Таким образом, прямо очутился подле столика, на котором лежал образ.
- Здравствуйте все. Соня, я непременно хотел принести тебе сегодня этот
букет, в день твоего рождения, а потому и не явился на погребение, чтоб не
прийти к мертвому с букетом; да ты и сама меня не ждала к погребению, я
знаю. Старик, верно, не посердится на эти цветы, потому что сам же завещал
нам радость, не правда ли? Я думаю, он здесь где-нибудь в комнате.

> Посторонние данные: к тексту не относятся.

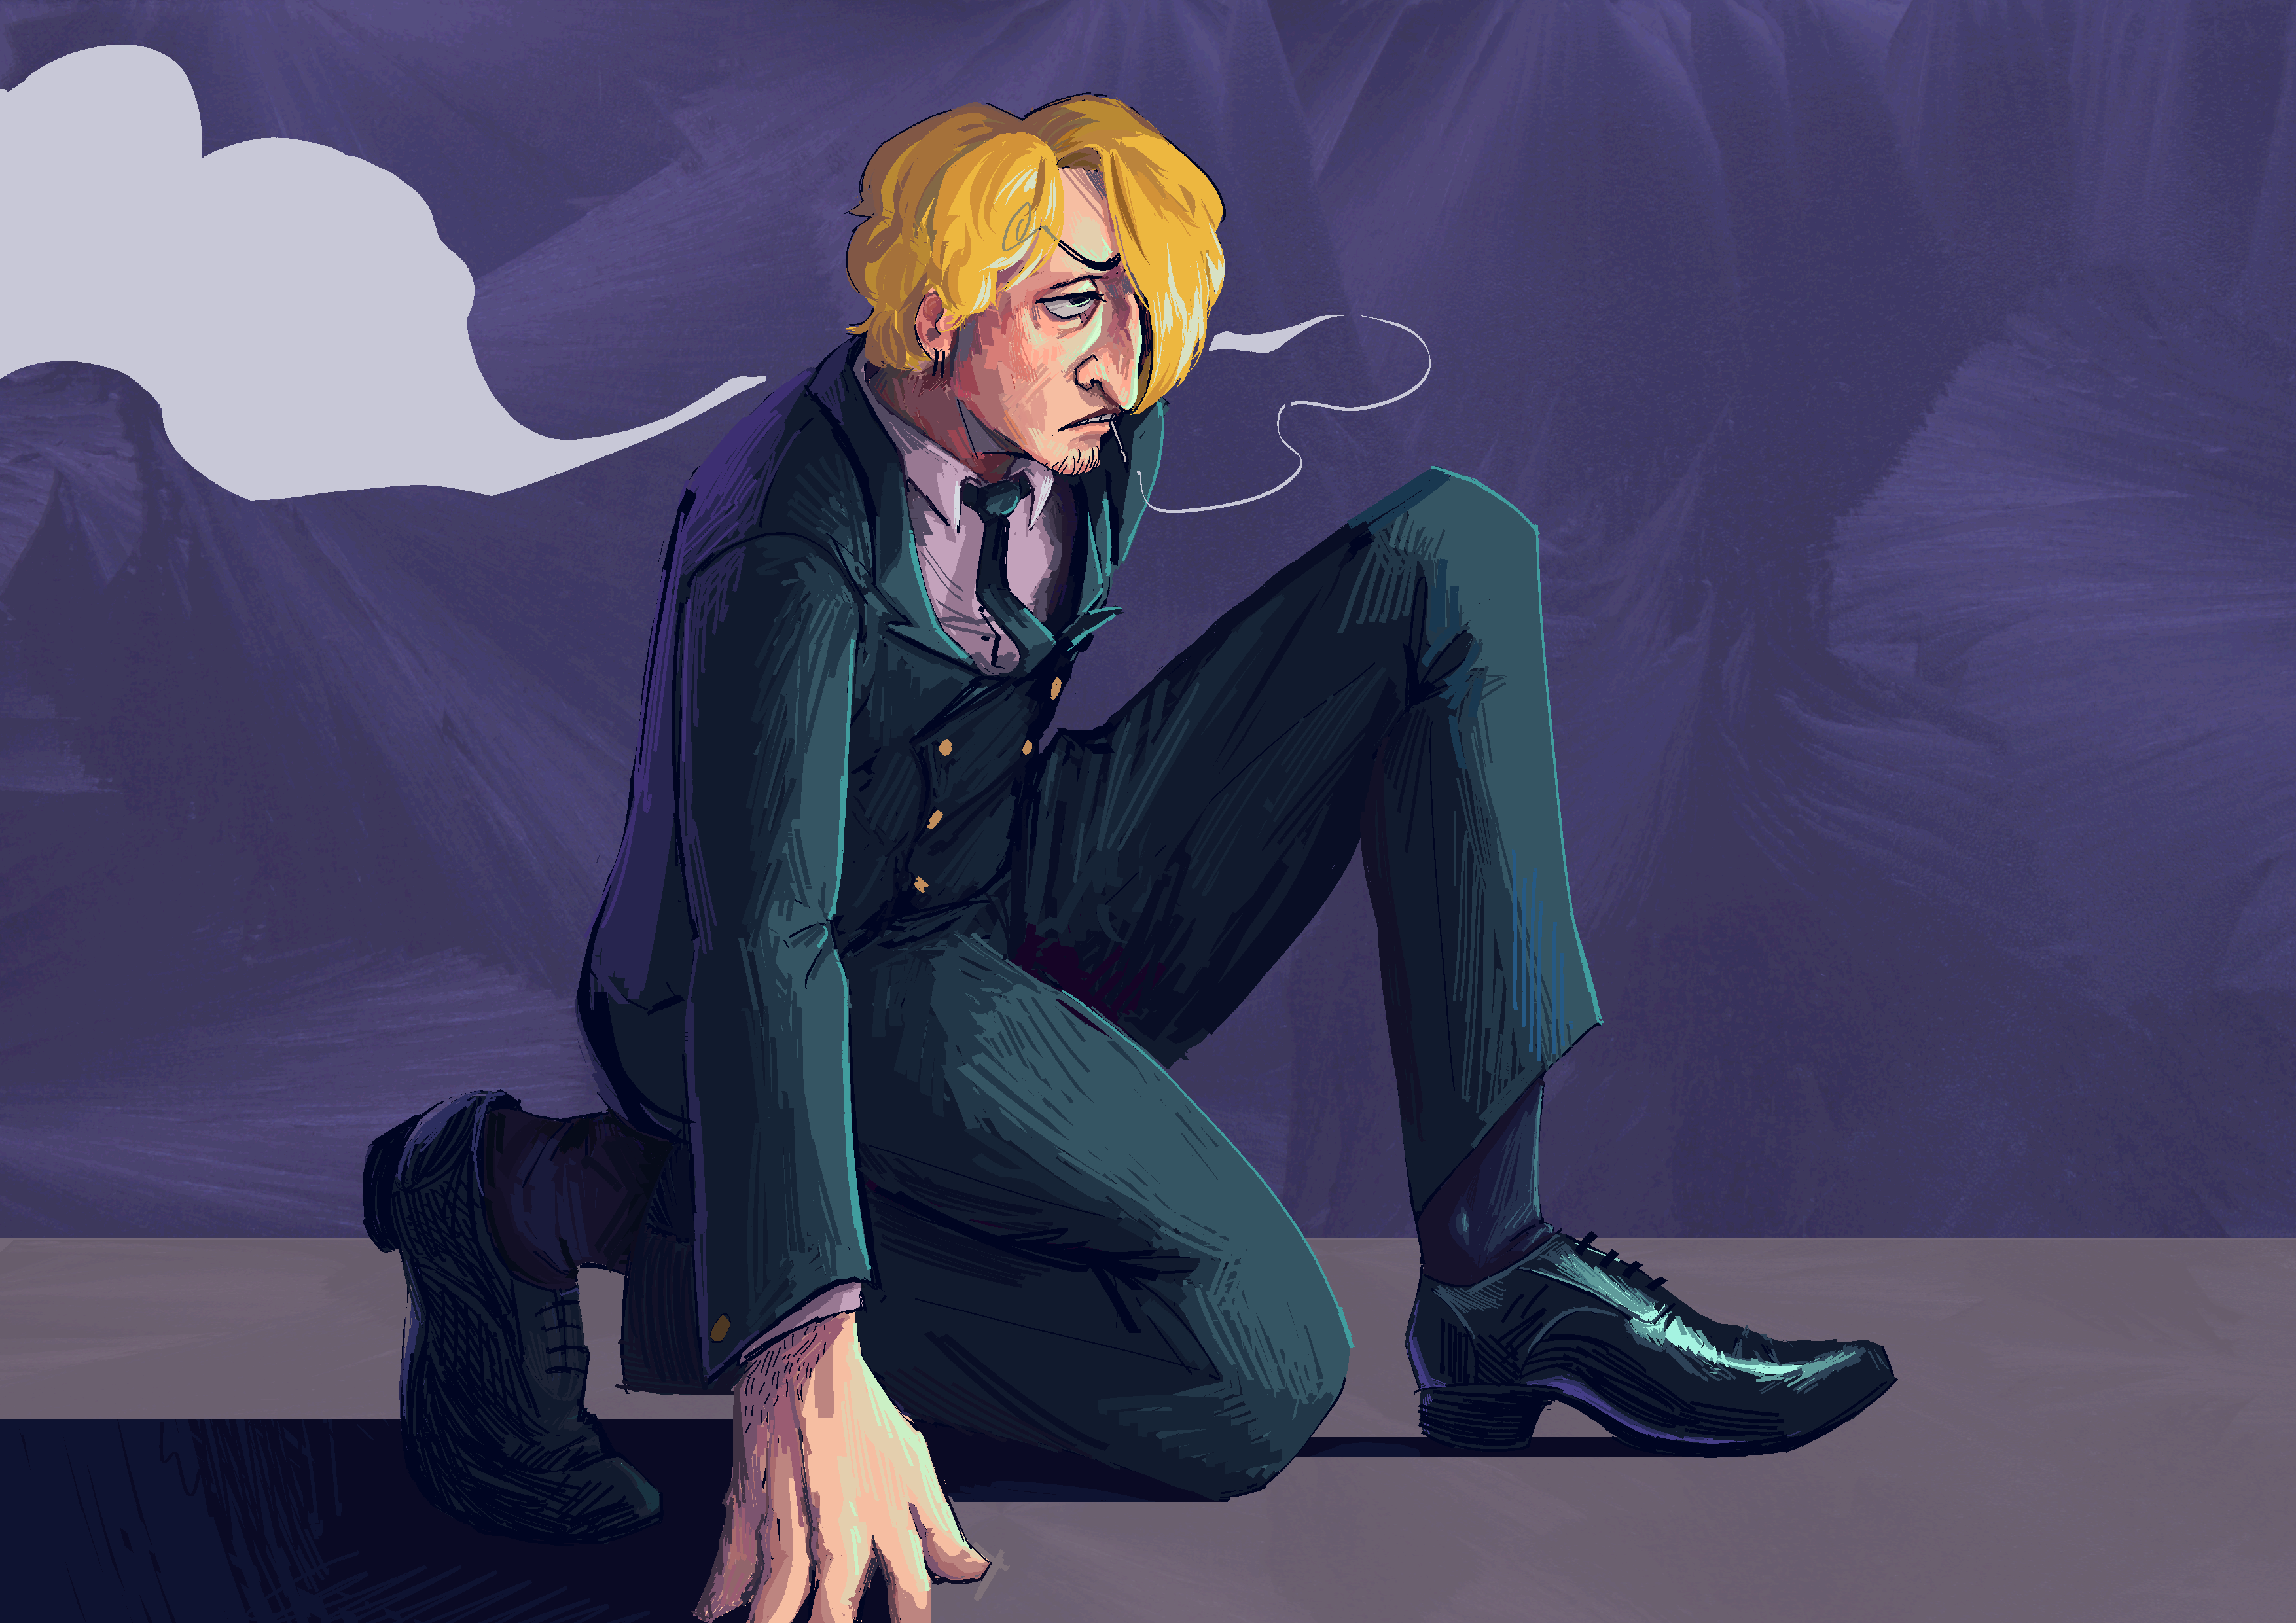 A digital painting of Sanji from One Piece. He's crouched down, one foot planted on the ground like he's about to launch back up. He's painted a bit roughly, with hard hatching brushstrokes. The colors are largely teals and purples, with his yellow hair contrasting starkly.
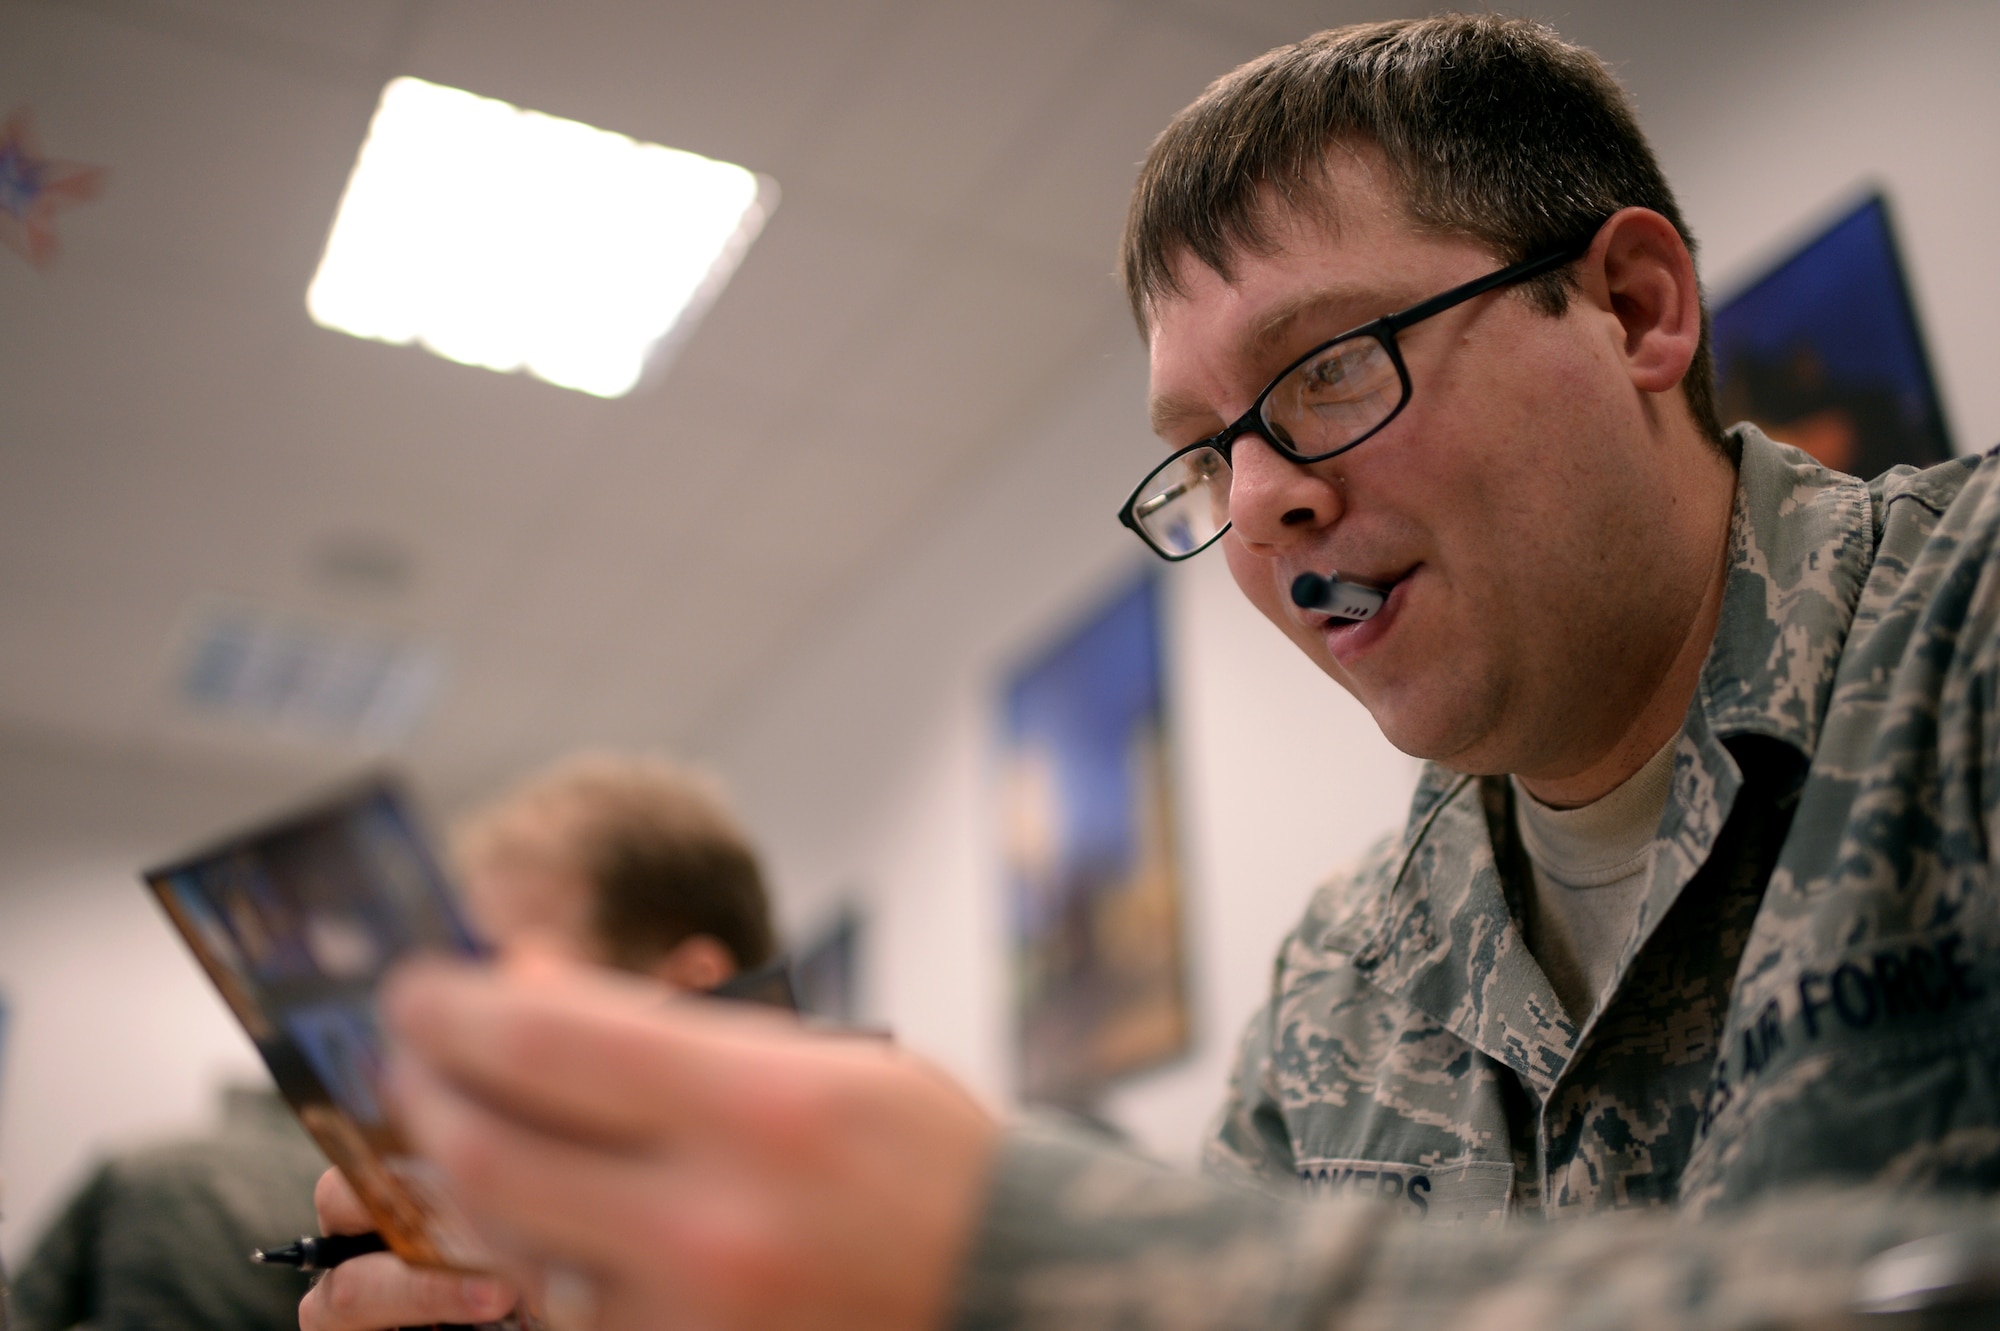 An Airman participates in a Four Lenses personality assessment Jan. 14, 2015, in the 52nd Force Support Squadron's Airman and Family Readiness Center at Spangdahlem Air Base, Germany. During this assessment, the participants had to review different photographs and phrases that best describe their personality. Then, the participants were separated into four colors — blue for people who value relationships; green for competency; orange for freedom; and gold structure. (U.S. Air Force photo by Staff Sgt. Daryl Knee/Released)

Мама странно поглядела на него; Татьяну Павловну как будто передернуло.
- Кто это здесь в комнате? - спросила она.
- Покойник. Оставим. Вы знаете, что не вполне верующий человек во все
эти чудеса всегда наиболее склонен к предрассудкам... Но я лучше буду про
букет: как я его донес - не понимаю. Мне раза три дорогой хотелось бросить
его на снег и растоптать ногой.
Мама вздрогнула.
- Ужасно хотелось. Пожалей меня, Соня, и мою бедную голову. А хотелось
потому, что слишком красив. Что красивее цветка на свете из предметов? Я его
несу, а тут снег и мороз. Наш мороз и цветы - какая противоположность! Я,
впрочем, не про то: просто хотелось измять его, потому что хорош. Соня, я
хоть и исчезну теперь опять, но я очень скоро возвращусь, потому что,
кажется, забоюсь. Забоюсь - так кто же будет лечить меня от испуга, где же
взять ангела, как Соню?.. Что это у вас за образ? А, покойников, помню. Он у
него родовой, дедовский; он весь век с ним не расставался; знаю, помню, он
мне его завещал; очень припоминаю... и, кажется, раскольничий... дайте-ка
взглянуть.
Он взял икону в руку, поднес к свече и пристально оглядел ее, но,
продержав лишь несколько секунд, положил на стол, уже перед собою. Я
дивился, но все эти странные речи его произнесены были так внезапно, что я
не мог еще ничего осмыслить. Помню только, что болезненный испуг проникал в
мое сердце. Испуг мамы переходил в недоумение и сострадание; она прежде
всего видела в нем лишь несчастного; случалось же, что и прежде он говорил
иногда почти так же странно, как и теперь. Лиза стала вдруг очень почему-то
бледна и странно кивнула мне на него головой. Но более всех испугана была
Татьяна Павловна.
- Да что с вами, голубчик Андрей Петрович? - выговорила она осторожно.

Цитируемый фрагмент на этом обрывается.